§ **STUDY MATERIAL**

Segment Open

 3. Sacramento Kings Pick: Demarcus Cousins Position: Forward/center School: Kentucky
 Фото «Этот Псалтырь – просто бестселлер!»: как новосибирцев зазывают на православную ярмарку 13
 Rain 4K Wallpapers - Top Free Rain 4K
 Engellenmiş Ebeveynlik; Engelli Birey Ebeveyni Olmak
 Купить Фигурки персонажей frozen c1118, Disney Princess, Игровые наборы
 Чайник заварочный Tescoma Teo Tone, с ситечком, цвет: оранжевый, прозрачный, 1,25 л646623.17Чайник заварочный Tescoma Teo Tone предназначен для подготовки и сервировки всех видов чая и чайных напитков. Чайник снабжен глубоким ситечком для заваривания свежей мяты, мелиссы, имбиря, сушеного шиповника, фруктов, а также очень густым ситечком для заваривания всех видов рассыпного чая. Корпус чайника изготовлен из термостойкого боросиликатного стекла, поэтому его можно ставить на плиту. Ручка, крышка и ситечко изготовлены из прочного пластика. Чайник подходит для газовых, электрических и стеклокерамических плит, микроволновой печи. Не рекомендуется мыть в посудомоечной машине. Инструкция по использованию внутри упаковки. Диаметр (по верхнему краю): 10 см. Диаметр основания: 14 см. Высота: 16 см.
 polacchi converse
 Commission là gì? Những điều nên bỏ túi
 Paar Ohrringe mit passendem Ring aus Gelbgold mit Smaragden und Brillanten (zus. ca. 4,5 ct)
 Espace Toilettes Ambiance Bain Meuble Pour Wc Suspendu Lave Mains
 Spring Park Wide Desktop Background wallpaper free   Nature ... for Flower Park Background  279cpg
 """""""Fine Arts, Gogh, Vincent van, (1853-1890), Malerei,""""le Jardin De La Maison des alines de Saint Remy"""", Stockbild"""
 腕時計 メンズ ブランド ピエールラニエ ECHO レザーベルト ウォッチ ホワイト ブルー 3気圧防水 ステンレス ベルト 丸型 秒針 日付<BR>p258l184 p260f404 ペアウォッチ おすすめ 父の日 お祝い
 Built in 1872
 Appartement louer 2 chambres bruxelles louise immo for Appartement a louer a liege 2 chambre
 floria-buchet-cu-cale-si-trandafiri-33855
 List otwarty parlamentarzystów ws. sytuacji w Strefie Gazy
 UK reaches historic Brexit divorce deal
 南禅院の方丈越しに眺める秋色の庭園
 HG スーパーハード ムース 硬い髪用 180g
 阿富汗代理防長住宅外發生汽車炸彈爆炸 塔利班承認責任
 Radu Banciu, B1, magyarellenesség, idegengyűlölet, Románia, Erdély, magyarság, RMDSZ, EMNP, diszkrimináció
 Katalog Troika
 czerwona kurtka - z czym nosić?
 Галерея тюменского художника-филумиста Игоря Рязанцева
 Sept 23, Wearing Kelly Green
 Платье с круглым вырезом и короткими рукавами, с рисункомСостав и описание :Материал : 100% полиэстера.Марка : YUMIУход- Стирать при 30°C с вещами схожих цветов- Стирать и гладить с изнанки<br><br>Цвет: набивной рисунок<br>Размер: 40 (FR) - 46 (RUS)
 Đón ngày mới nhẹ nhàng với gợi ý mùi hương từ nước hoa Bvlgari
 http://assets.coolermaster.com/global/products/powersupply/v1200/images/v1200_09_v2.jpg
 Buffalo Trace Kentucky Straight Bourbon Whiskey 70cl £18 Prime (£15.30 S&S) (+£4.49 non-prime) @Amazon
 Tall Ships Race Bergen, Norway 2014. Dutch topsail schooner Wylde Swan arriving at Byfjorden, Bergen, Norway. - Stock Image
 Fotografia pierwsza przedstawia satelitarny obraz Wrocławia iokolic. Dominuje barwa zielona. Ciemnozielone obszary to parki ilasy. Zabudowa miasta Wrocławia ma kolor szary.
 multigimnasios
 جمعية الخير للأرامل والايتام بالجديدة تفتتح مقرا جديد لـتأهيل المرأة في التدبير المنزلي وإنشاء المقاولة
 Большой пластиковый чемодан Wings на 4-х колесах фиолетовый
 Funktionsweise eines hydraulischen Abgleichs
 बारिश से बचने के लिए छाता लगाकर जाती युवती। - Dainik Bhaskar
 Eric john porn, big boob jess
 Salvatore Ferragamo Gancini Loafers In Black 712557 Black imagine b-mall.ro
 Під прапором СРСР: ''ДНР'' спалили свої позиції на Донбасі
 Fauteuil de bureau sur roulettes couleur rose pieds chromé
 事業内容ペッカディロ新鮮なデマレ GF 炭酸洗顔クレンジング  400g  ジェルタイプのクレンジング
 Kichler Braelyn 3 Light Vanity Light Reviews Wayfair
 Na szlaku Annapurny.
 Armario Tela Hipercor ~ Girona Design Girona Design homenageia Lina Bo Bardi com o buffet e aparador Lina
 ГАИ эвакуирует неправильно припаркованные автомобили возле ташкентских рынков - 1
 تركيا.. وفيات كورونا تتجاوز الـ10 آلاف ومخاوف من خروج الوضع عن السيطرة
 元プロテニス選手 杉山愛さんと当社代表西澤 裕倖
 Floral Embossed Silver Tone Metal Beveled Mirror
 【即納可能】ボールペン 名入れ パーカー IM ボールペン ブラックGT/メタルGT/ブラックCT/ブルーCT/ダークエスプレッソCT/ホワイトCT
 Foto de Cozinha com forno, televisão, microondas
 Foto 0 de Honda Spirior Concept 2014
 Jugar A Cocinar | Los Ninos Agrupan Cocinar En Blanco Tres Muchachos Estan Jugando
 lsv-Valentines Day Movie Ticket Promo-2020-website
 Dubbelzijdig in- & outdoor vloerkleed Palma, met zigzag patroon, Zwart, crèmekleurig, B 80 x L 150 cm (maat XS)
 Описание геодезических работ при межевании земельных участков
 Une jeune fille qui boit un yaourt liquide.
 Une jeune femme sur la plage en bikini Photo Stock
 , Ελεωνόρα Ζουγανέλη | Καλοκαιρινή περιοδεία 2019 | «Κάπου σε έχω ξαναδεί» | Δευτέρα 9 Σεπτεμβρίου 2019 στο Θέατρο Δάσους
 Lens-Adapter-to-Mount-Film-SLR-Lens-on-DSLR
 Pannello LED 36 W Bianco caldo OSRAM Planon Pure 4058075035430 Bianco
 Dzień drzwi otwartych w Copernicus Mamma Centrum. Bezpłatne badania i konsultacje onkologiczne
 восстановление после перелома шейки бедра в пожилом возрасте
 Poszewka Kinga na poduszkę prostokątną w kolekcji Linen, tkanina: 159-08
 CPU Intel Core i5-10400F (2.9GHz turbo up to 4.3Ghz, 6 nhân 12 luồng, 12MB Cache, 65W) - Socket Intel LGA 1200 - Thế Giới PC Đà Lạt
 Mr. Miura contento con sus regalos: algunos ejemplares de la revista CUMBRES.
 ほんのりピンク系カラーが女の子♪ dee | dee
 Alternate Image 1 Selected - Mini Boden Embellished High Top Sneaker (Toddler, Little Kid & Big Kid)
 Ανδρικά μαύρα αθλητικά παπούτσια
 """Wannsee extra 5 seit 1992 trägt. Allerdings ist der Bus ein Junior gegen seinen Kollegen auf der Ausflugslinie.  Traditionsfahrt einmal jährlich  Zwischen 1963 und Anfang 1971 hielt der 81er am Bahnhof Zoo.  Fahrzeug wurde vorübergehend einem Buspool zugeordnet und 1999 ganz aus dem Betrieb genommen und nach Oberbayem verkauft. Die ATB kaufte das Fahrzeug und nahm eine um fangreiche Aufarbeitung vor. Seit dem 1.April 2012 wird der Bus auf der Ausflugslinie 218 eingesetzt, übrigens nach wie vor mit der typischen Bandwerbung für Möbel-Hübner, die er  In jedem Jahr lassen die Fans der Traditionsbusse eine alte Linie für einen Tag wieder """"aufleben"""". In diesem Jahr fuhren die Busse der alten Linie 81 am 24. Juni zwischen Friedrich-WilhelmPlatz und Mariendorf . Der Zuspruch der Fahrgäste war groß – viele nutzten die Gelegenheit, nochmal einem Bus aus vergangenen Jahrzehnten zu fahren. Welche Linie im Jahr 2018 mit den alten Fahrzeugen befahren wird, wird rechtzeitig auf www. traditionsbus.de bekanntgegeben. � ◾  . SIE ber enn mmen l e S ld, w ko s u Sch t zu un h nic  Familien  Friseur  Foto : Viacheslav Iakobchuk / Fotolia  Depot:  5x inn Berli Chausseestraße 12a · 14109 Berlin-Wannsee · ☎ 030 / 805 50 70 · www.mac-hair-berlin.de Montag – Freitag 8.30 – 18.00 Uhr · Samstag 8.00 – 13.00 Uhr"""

Segment Closed

§ **YOUR OBJECTIVE**
Every line from the start of the material above through the line that contains "Купить Фигурки персонажей" must be written out exactly, with both ends included.

§ **RESULT**
 3. Sacramento Kings Pick: Demarcus Cousins Position: Forward/center School: Kentucky
 Фото «Этот Псалтырь – просто бестселлер!»: как новосибирцев зазывают на православную ярмарку 13
 Rain 4K Wallpapers - Top Free Rain 4K
 Engellenmiş Ebeveynlik; Engelli Birey Ebeveyni Olmak
 Купить Фигурки персонажей frozen c1118, Disney Princess, Игровые наборы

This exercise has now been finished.